#### Task to carry out
Please print the listing that follows word for word, but skip any pictures it holds.

(Material provided Opens)

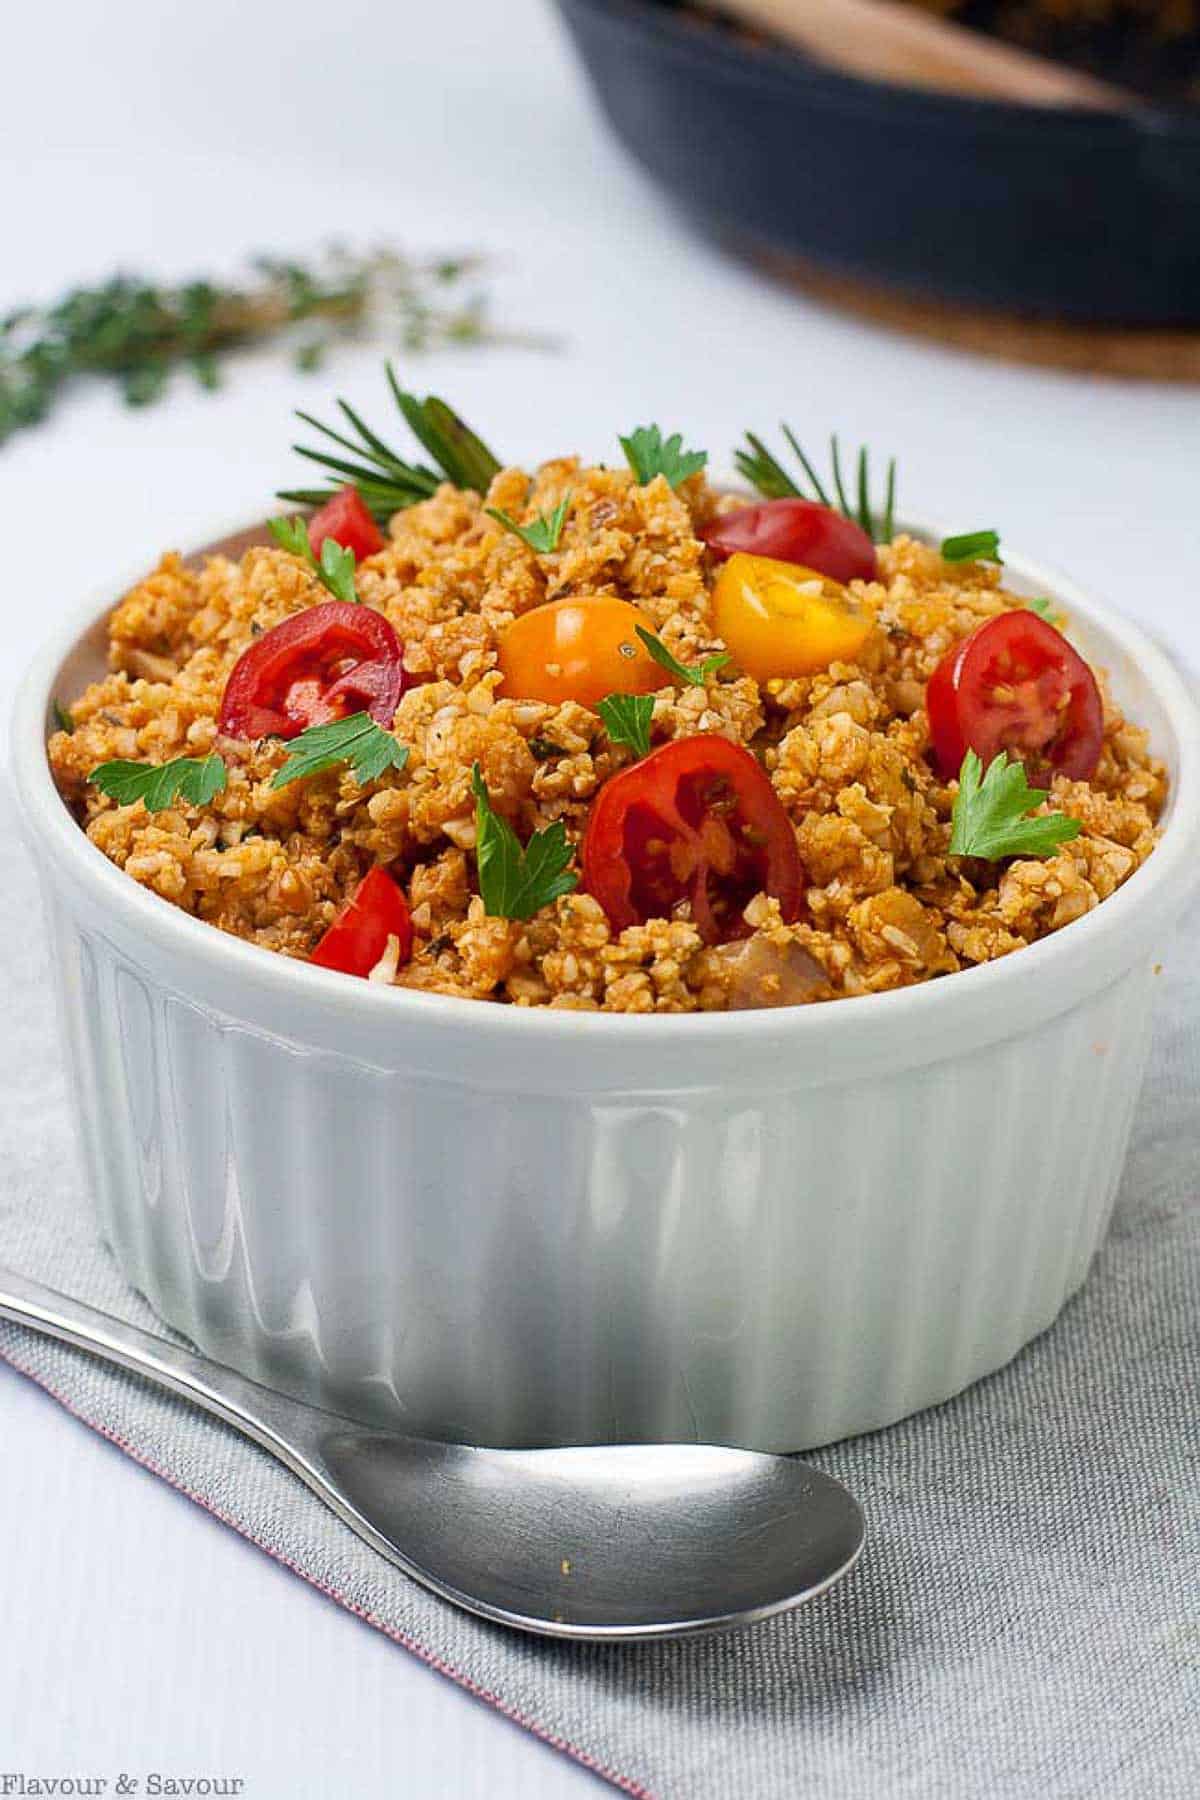 A bowl of Spanish-style cauliflower rice with cherry tomatoes and herbs.
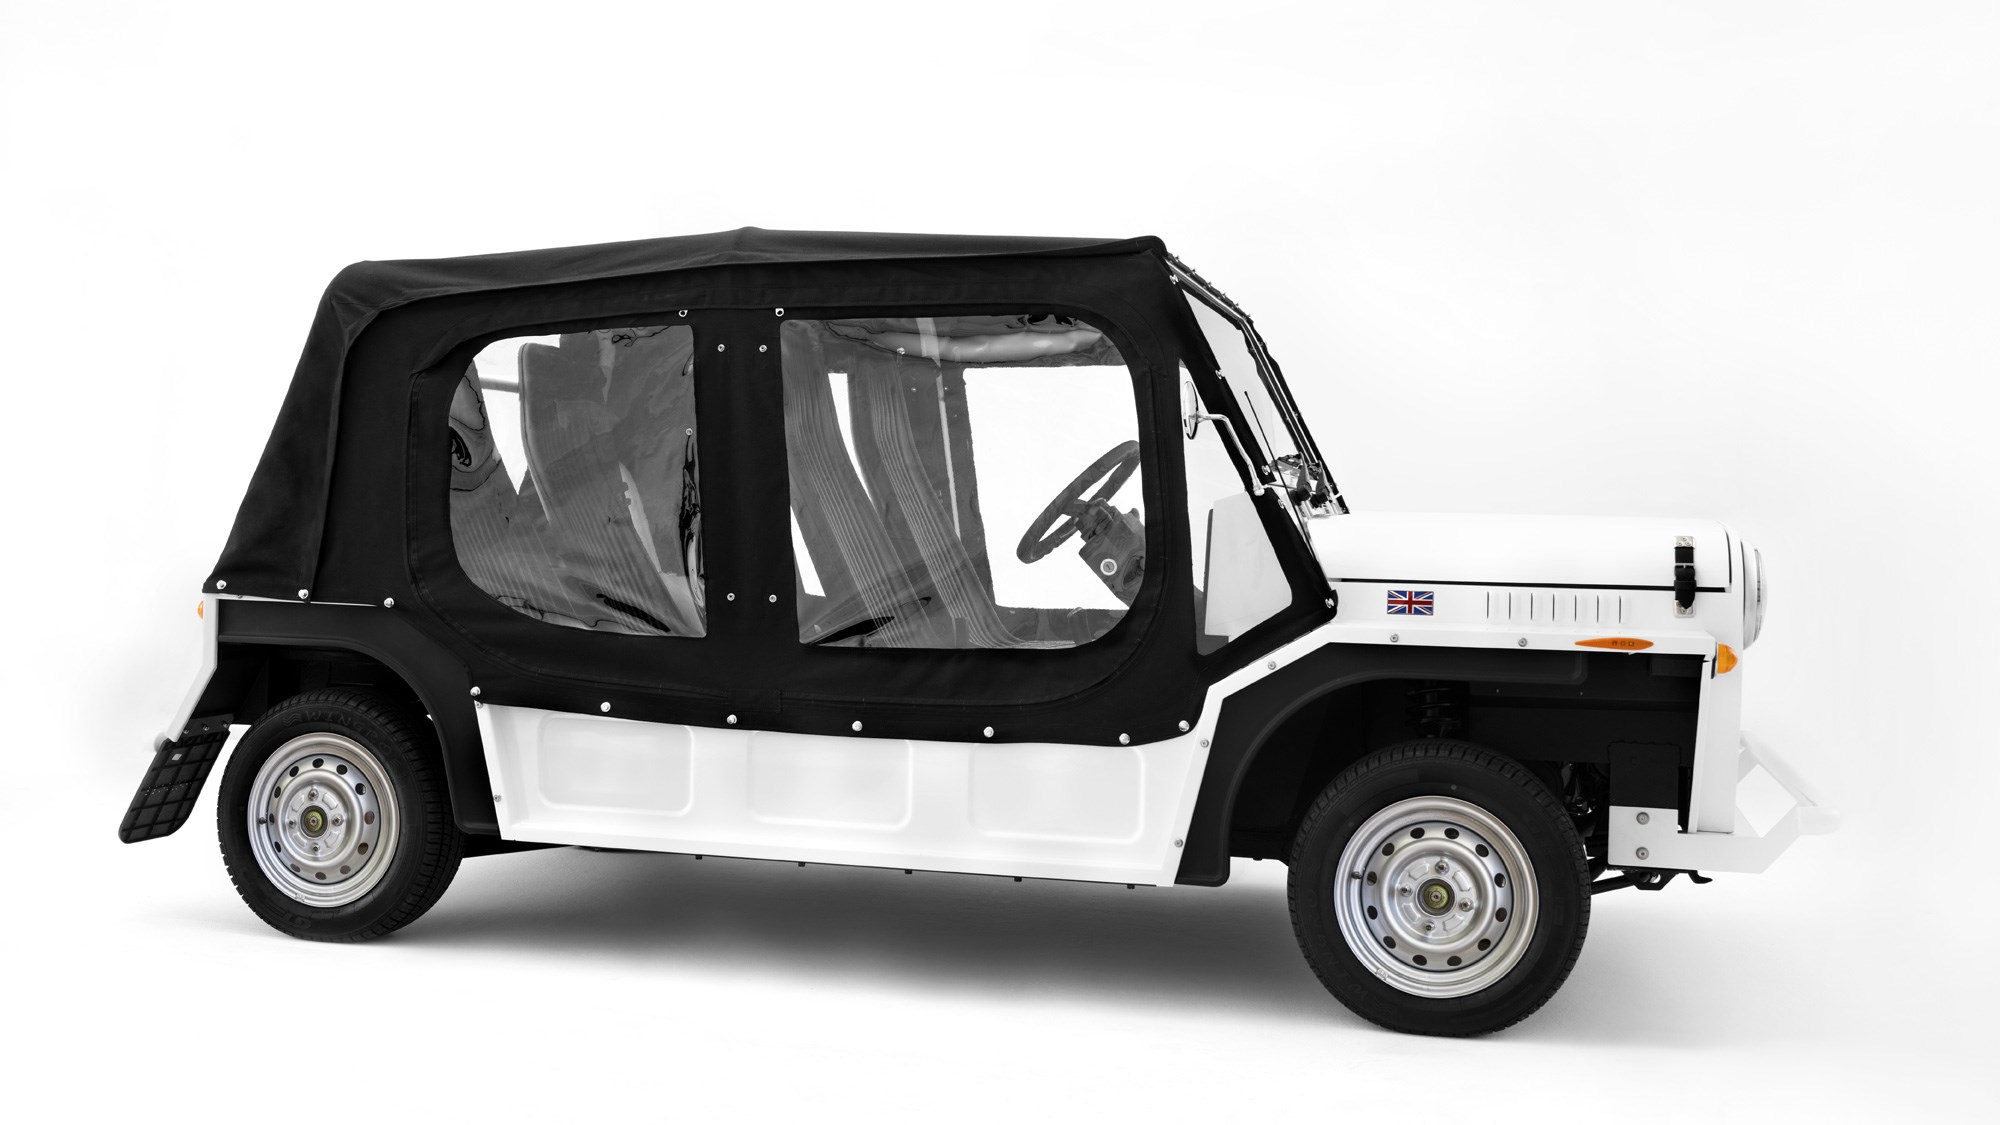 The Moke is back – classic British motoring icon now on sale in the UK  again
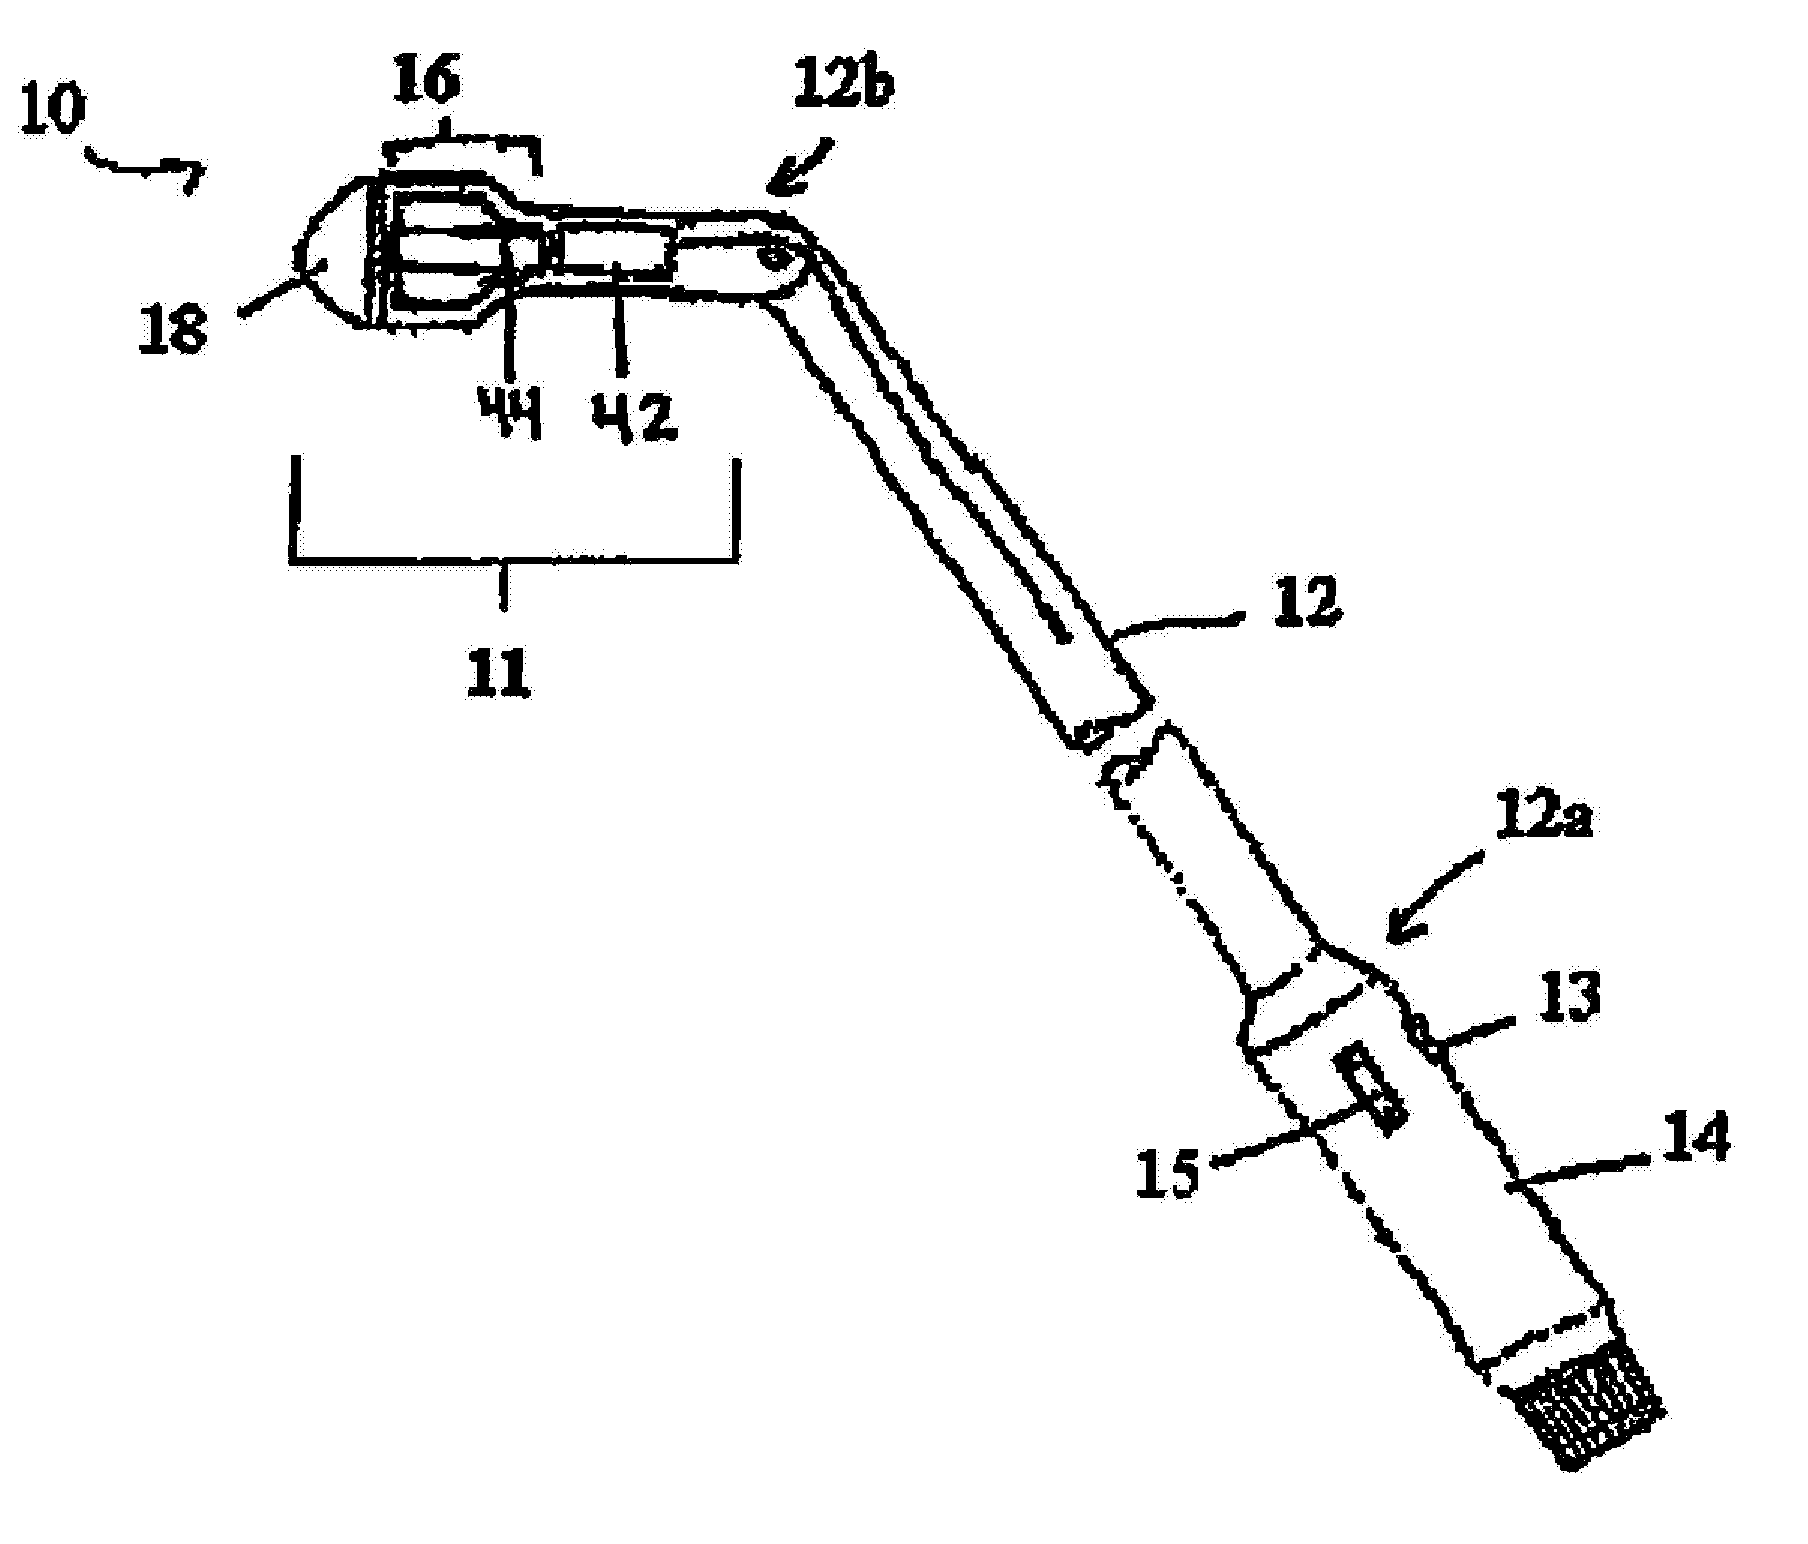 Electroactive polymer-based actuation mechanism for circular stapler

(Material provided Closes)

#### Response
 A bowl of Spanish-style cauliflower rice with cherry tomatoes and herbs.
 The Moke is back – classic British motoring icon now on sale in the UK  again
 Electroactive polymer-based actuation mechanism for circular stapler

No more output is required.